Abstract

Recently, all-inorganic cesium lead halide perovskites (CsPbX3) quantum dots (QDs) have attracted great attention due to their halogen composition and size tunable band gap engineering, the same physical mechanism that is responsible for excellent performance in light-emitting devices. However, little is known about the time-resolved fluorescence quenching dynamics process of these CsPbX3 QDs. In this article, we present comprehensive contrastive spectral studies on the electron and hole extraction dynamics of CsPbX3 colloidal QDs with and without quencher by time-resolved femtosecond transient absorption (TA) and time-correlated single-photon counting (TCSPC) spectroscopy methods. We have identified that the partial electrons of the conduction band and holes of the valence band of CsPbX3 QDs can be directly extracted by tetracyanoethylene (TCNE) and phenothiazine (PTZ), respectively.

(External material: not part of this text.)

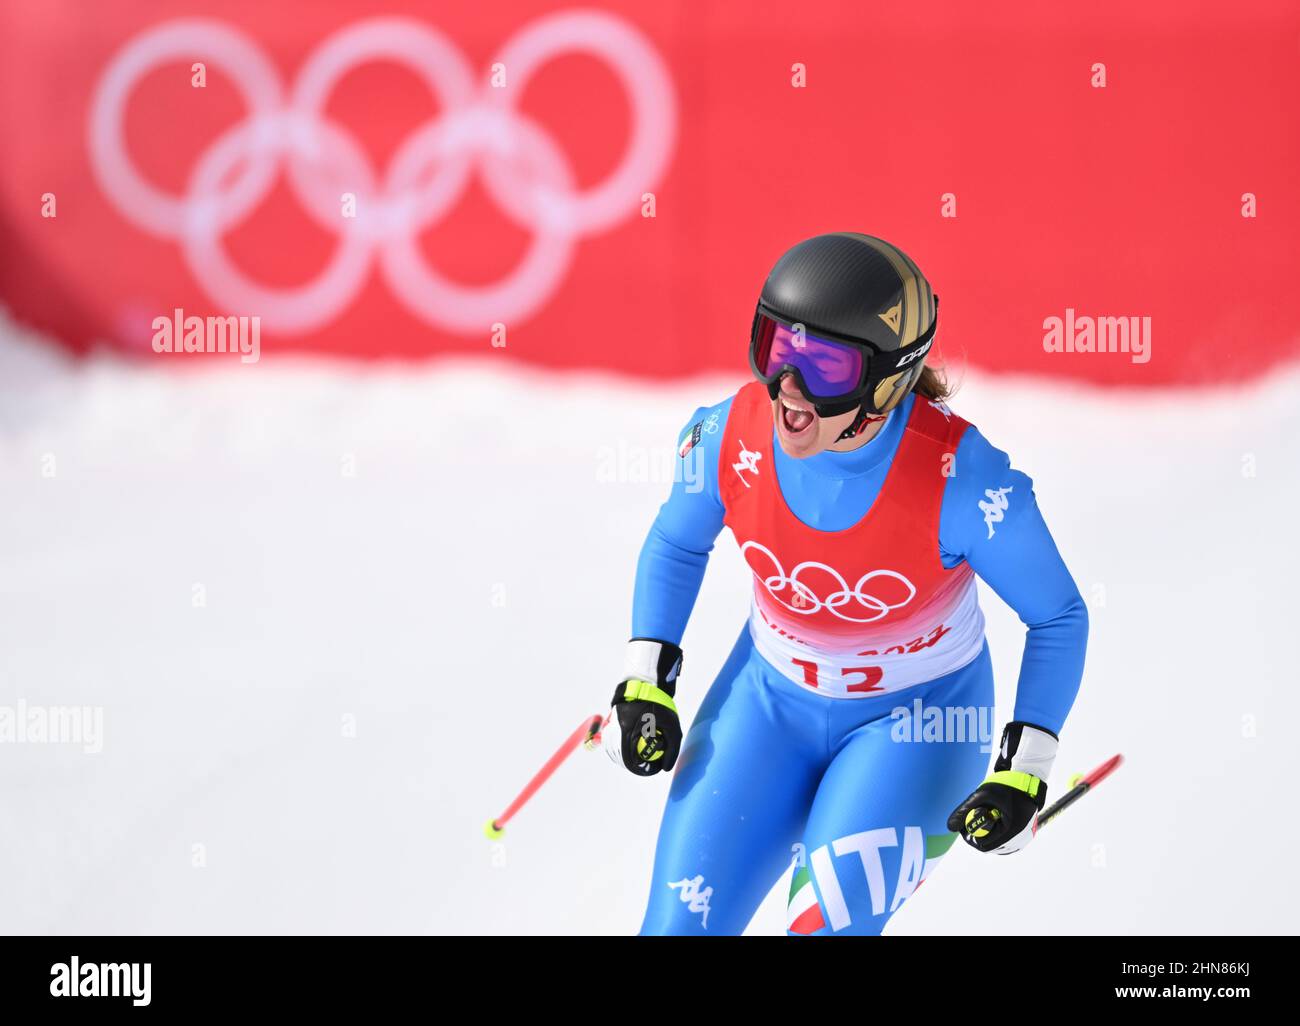 Sofia Goggia aus Italien reagiert am 11. Tag der Olympischen Winterspiele 2022 in Peking im Nationalen Alpinen Ski-Zentrum in Peking, China, im Ziel. Bilddatum: Dienstag, 15. Februar 2022. Stockfoto

Moreover, compared with the CsPbBr3 QDs, the CsPbI3 QDs showed relatively slower charge extraction rates. We also found that the CsPbBr3 QDs with smaller size showed faster carrier recombination rates and photoluminescence (PL) decay lifetime due to the relatively stronger quantum confinement effects. We believe that this study may be useful for realising optimal applications in photovoltaic and light emission devices.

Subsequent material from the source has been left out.